神奈川県鎌倉市で生まれる。程なく生母が亡くなり、兵庫県神戸市の親戚宅の養子に。空襲で養父を失い、疎開先で妹を栄養失調で亡くし放浪した。こうした体験から、「焼跡闇市派」を自称する。

早大仏文科中退。在学中からコント・テレビの台本、CMソングの作詞などで活躍。

『エロ事師たち』(1963年)で小説家デビュー。妹への贖罪から書いた『火垂るの墓』(1967年)、占領下の世相を描いた『アメリカひじき』(1967年)で直木賞受賞。コラムニストやコメンテーターとしても活躍した。

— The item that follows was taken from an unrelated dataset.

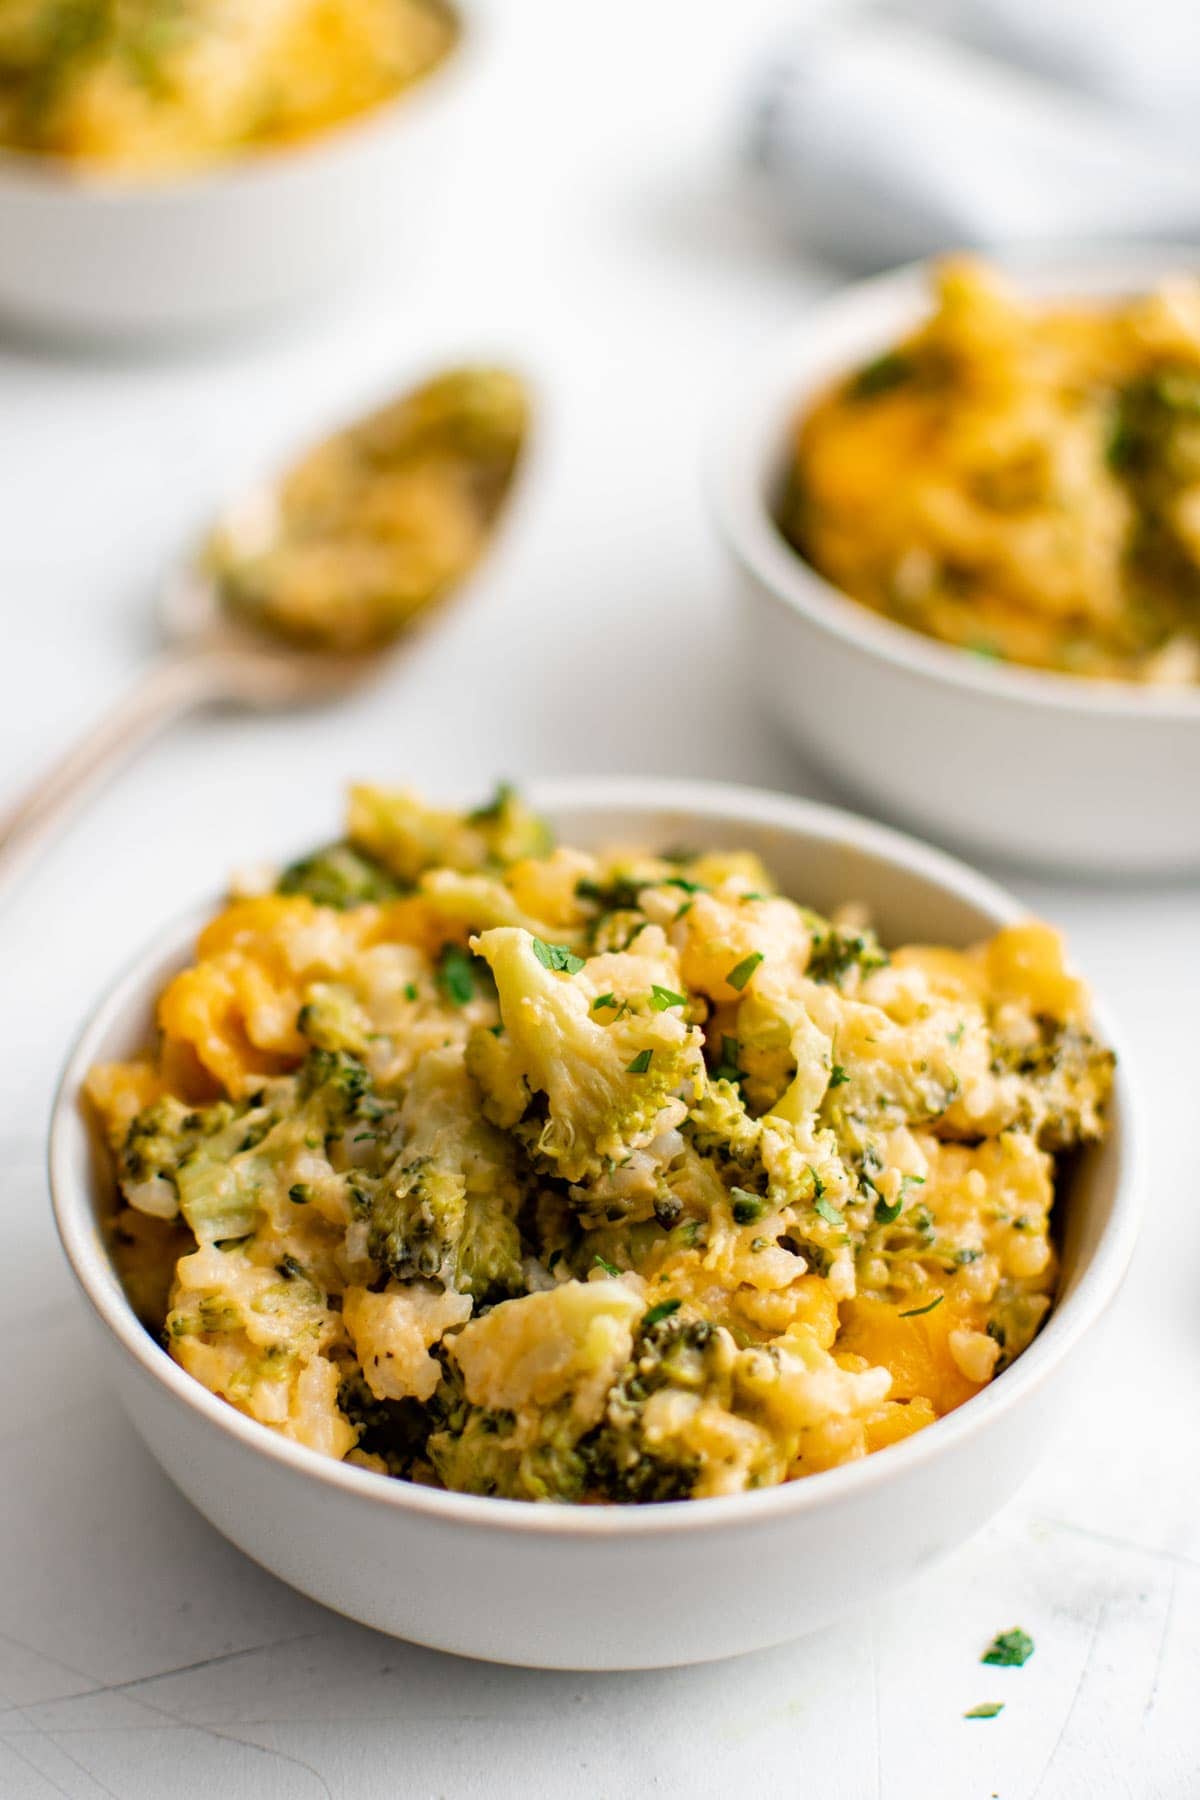 unbaked rice and broccoli casserole with shredded cheese
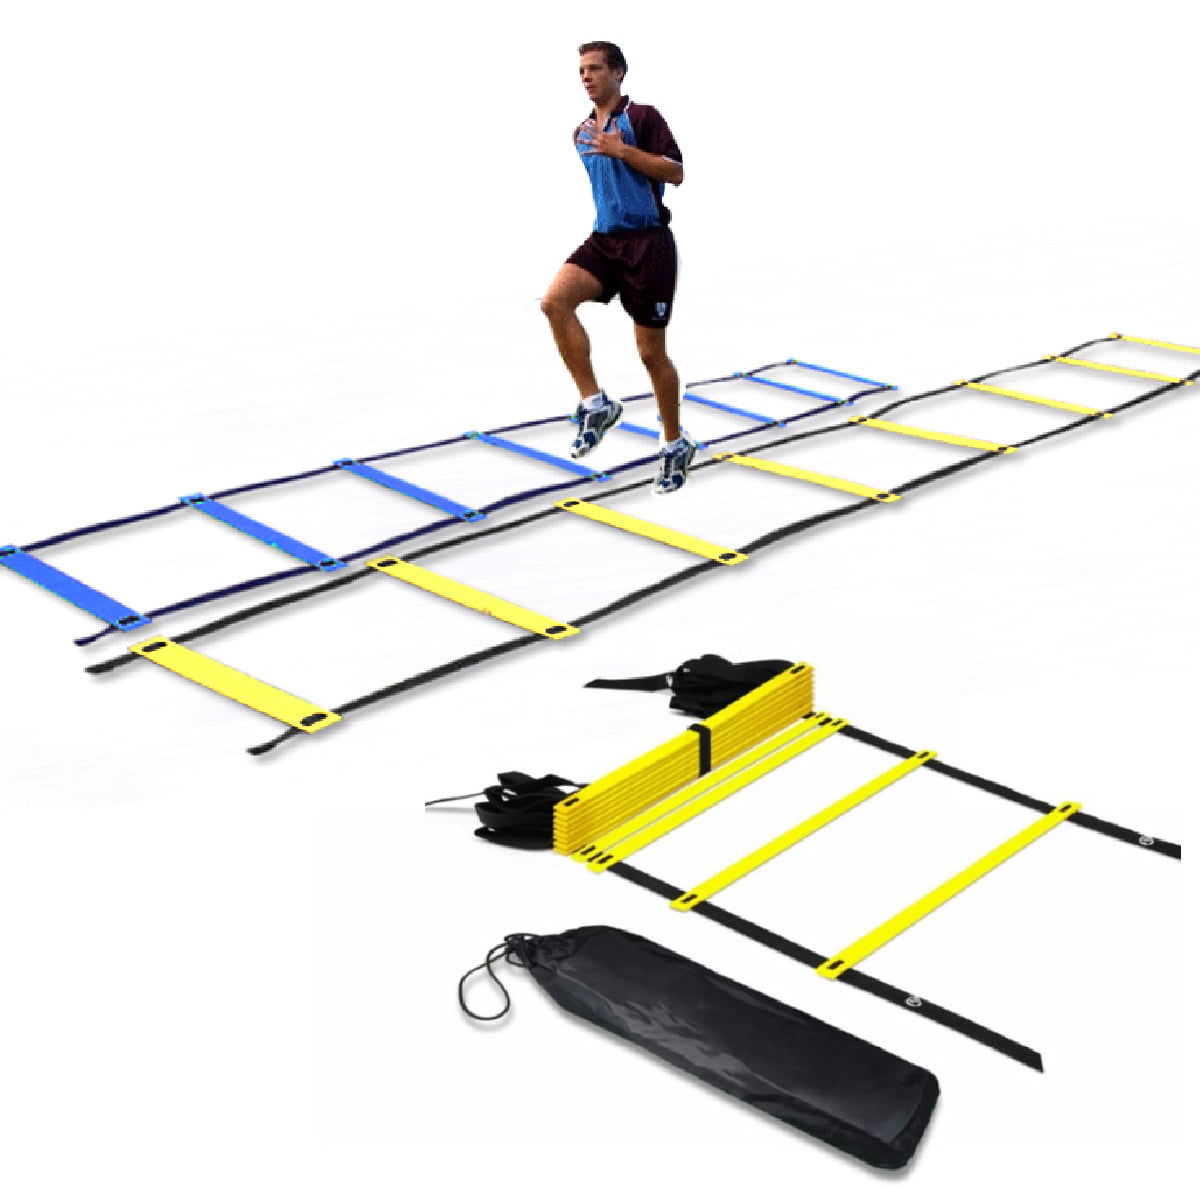 1 Storage Bag VGEBY1 Agility Ladder Speed Agility Training Ladder Include 12 Adjustable Flat Rungs 1 Carrying Handle 10 Cones

放送作家としての別名は阿木 由起夫(あき ゆきお)[注釈 1]シャンソン歌手としての別名はクロード 野坂(クロード のさか)、落語家としての高座名は立川 天皇[3](たてかわ てんのう)。
経歴
生い立ち1945年神戸大空襲で養父を、下の妹を疎開先の福井県で栄養失調で亡くす。

父は土木技師で戦後に新潟県副知事を務めた野坂相如(すけゆき)[4]。当時野坂家の住いは東京市麹町区隼町だったが、産み月近くなって両親が別居。昭如は神奈川県鎌倉市小町で誕生した。実母ぬいは自身を産んだ2月後に死別。生後半年で神戸の張満谷(はりまや)家へ養子に出される。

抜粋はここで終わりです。